EXERCISE OBJECTIVE = Could you set down the listing below exactly, leaving out its pictures?

GIVEN DATA =
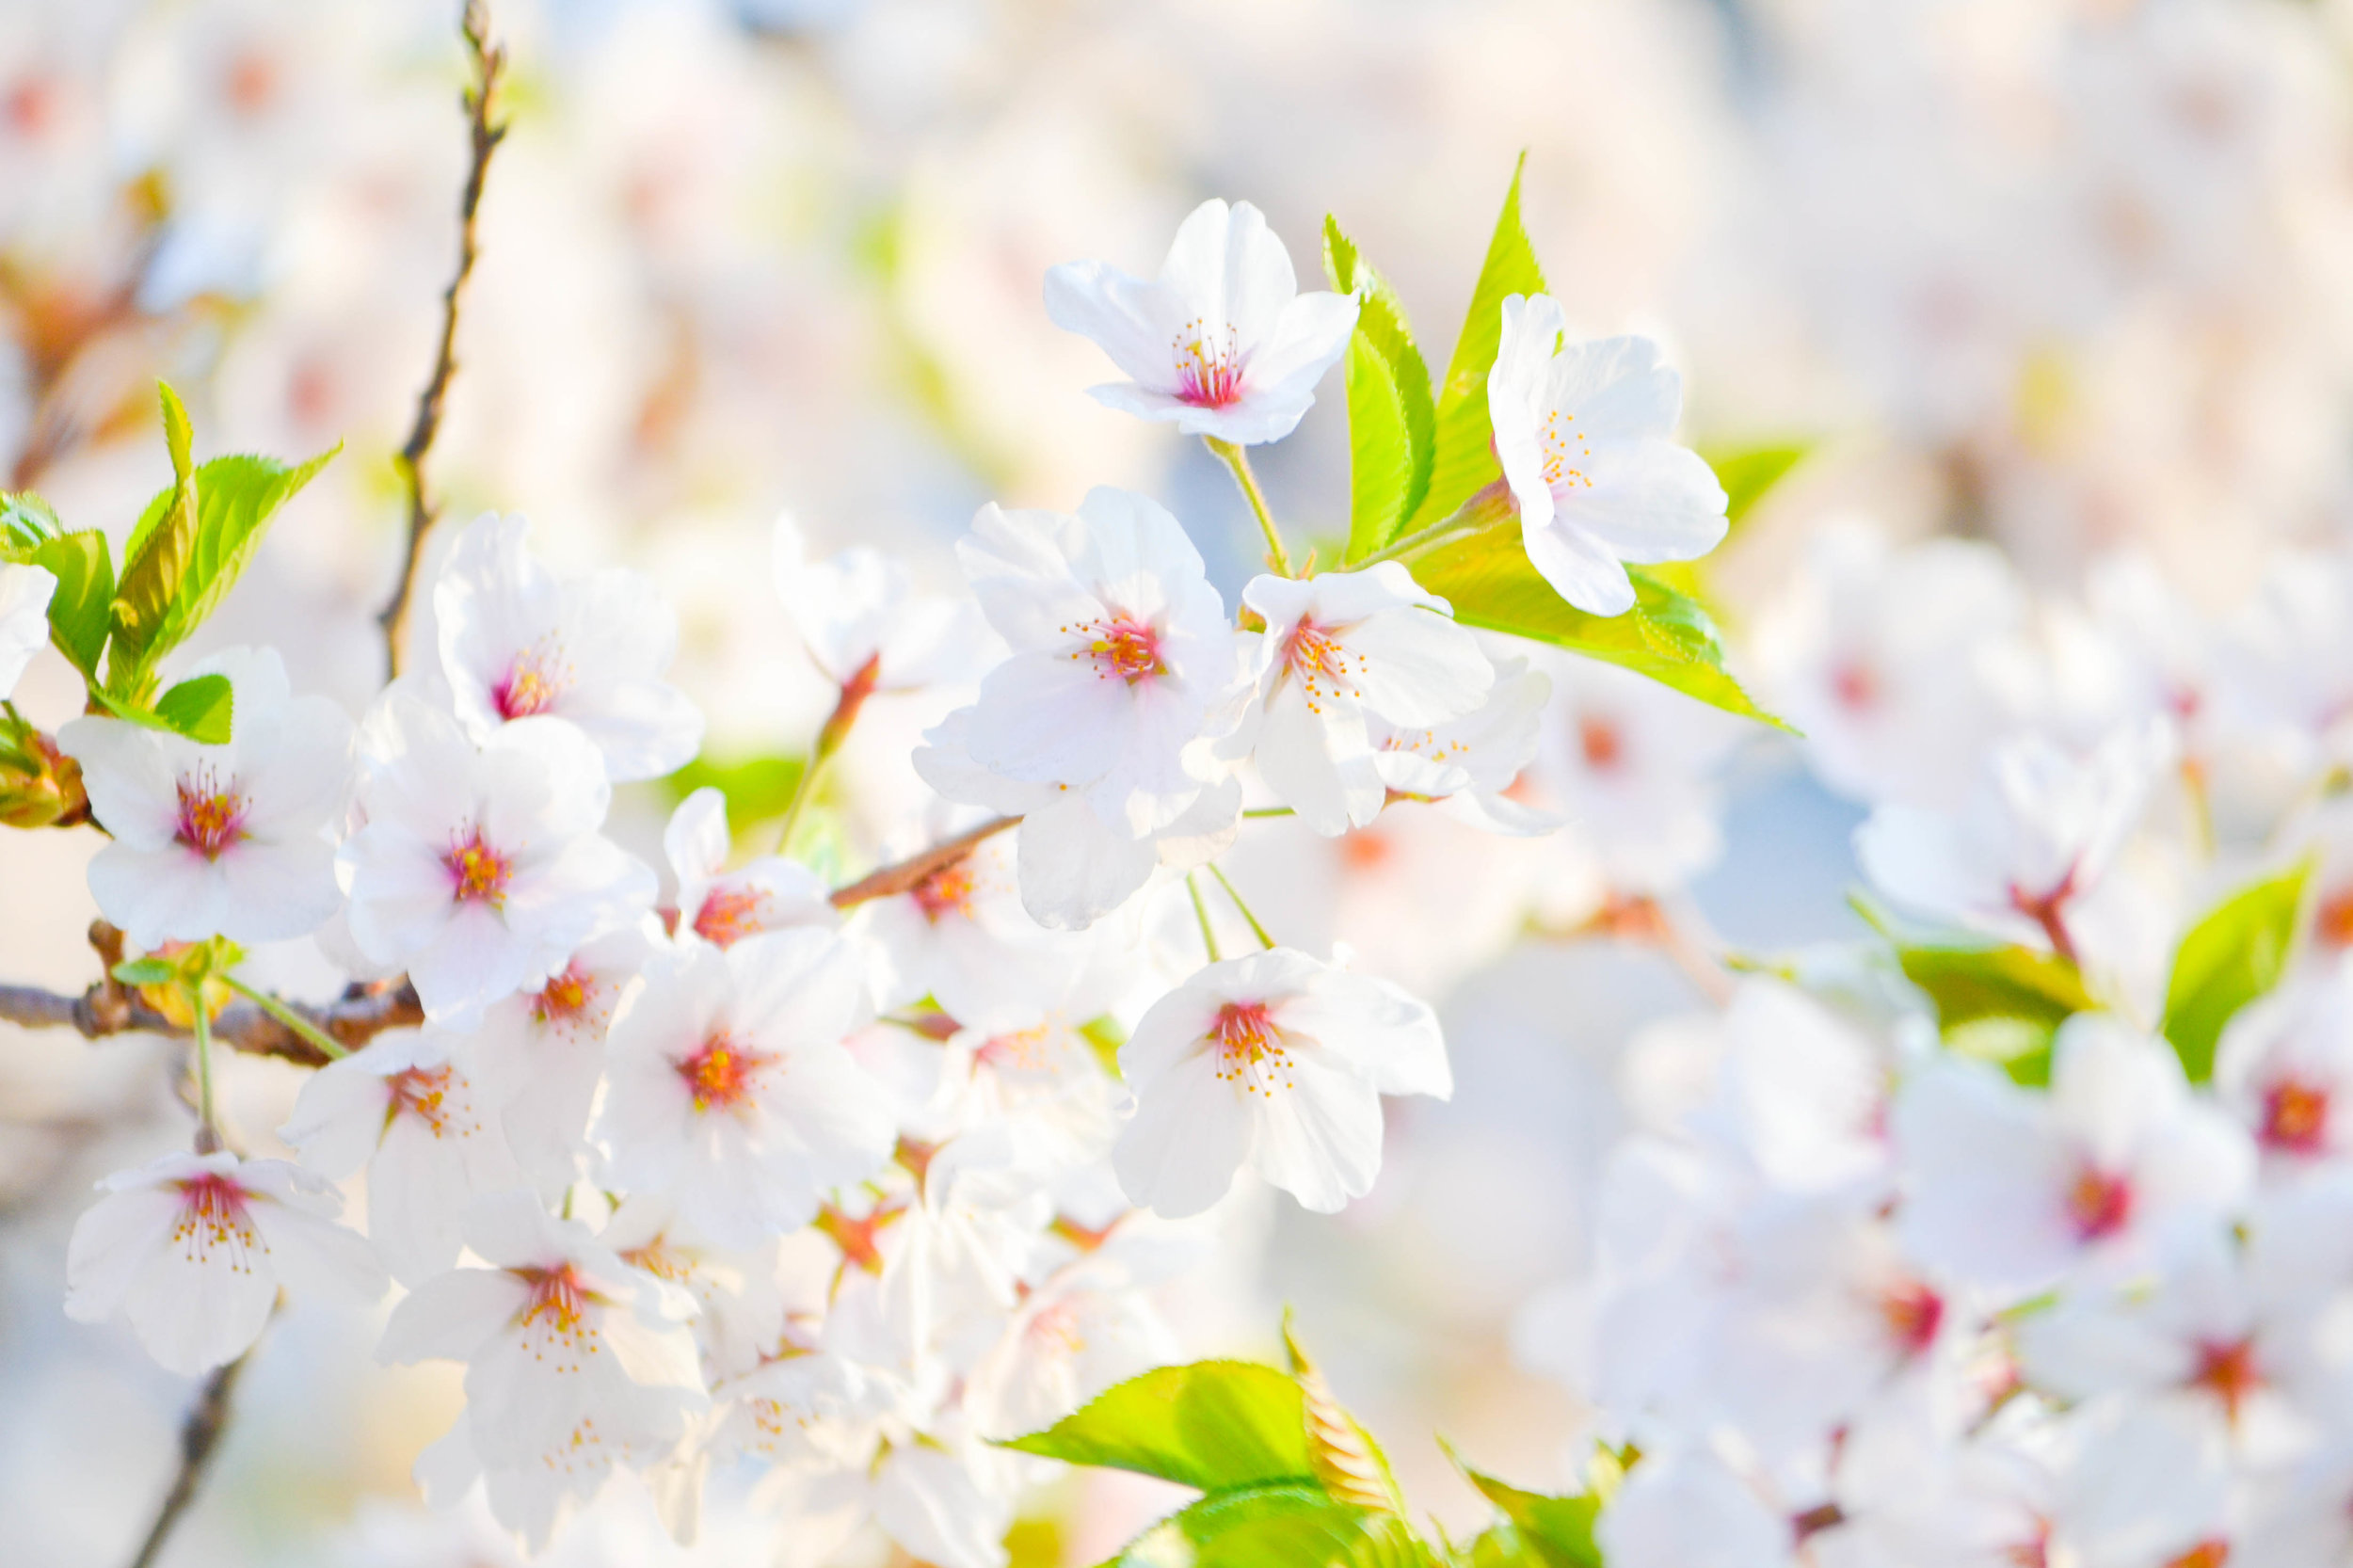 spring_break_march_madness_spring_forward_spring_bloom_flowering_tree_how_to_photograph_flowering_trees_white_bloom-1291265.jpg
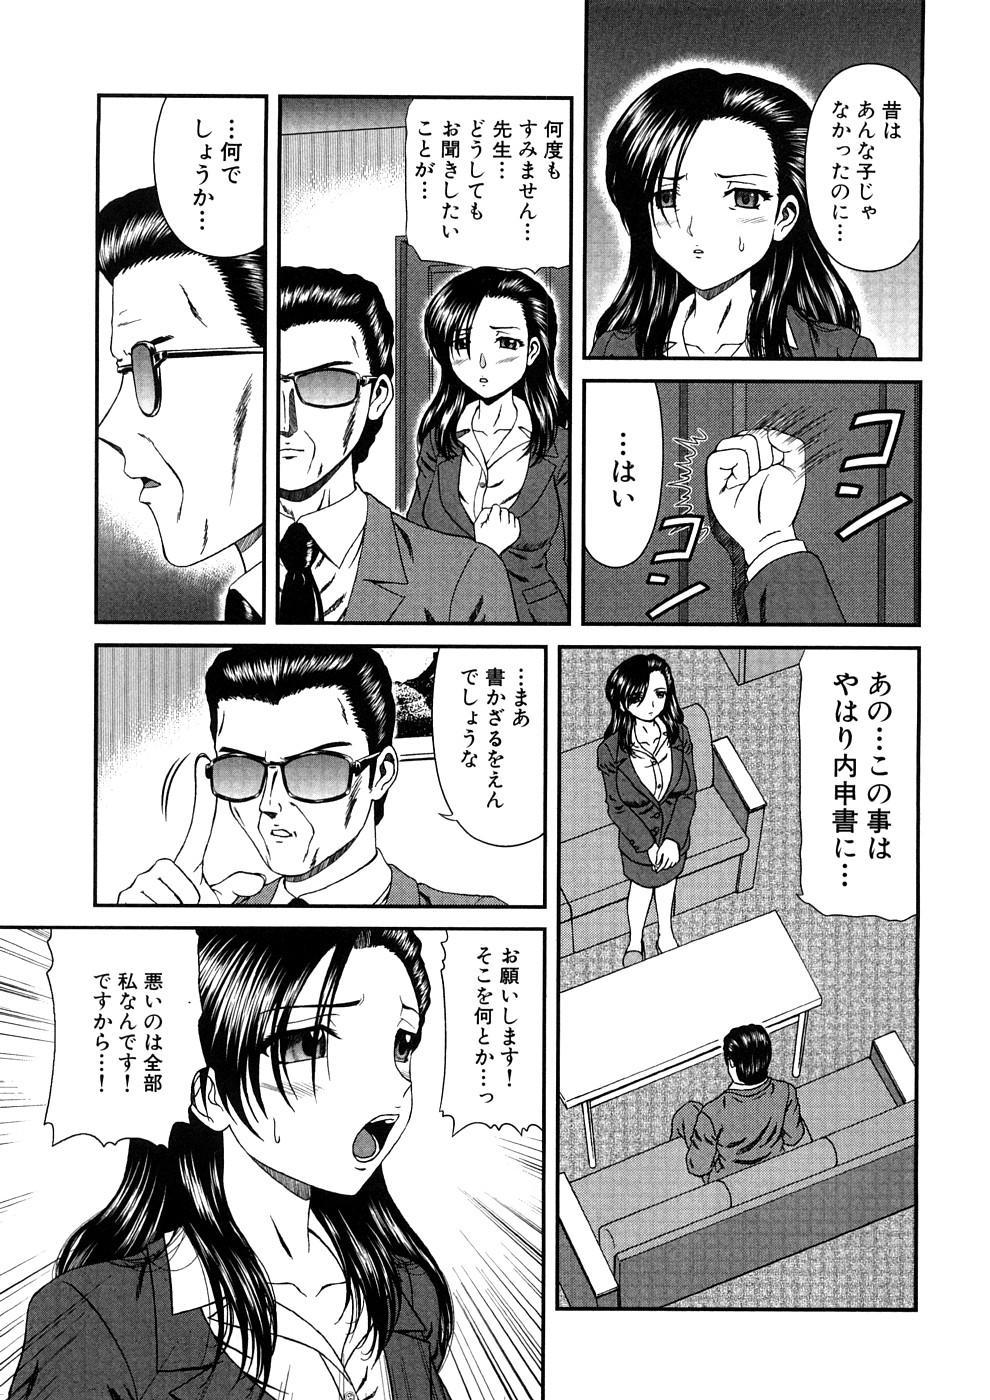 Geki Yaba Anthology Vol. 1 - Naka ni Dashite yo 141
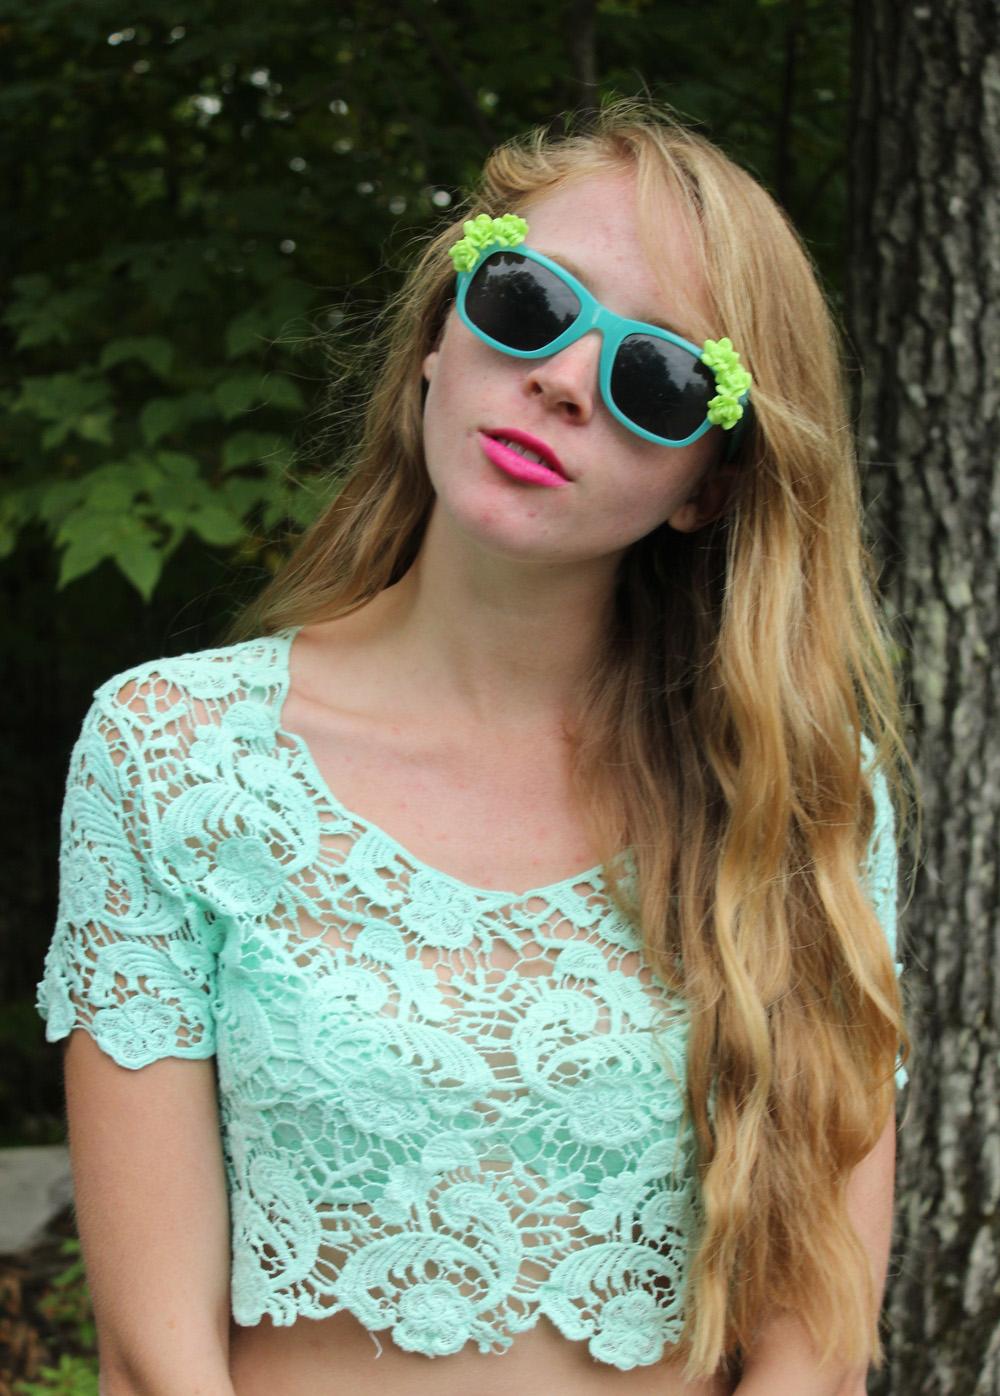 mint shirt lace and sunglasses

SOLUTION =
 spring_break_march_madness_spring_forward_spring_bloom_flowering_tree_how_to_photograph_flowering_trees_white_bloom-1291265.jpg
 Geki Yaba Anthology Vol. 1 - Naka ni Dashite yo 141
 mint shirt lace and sunglasses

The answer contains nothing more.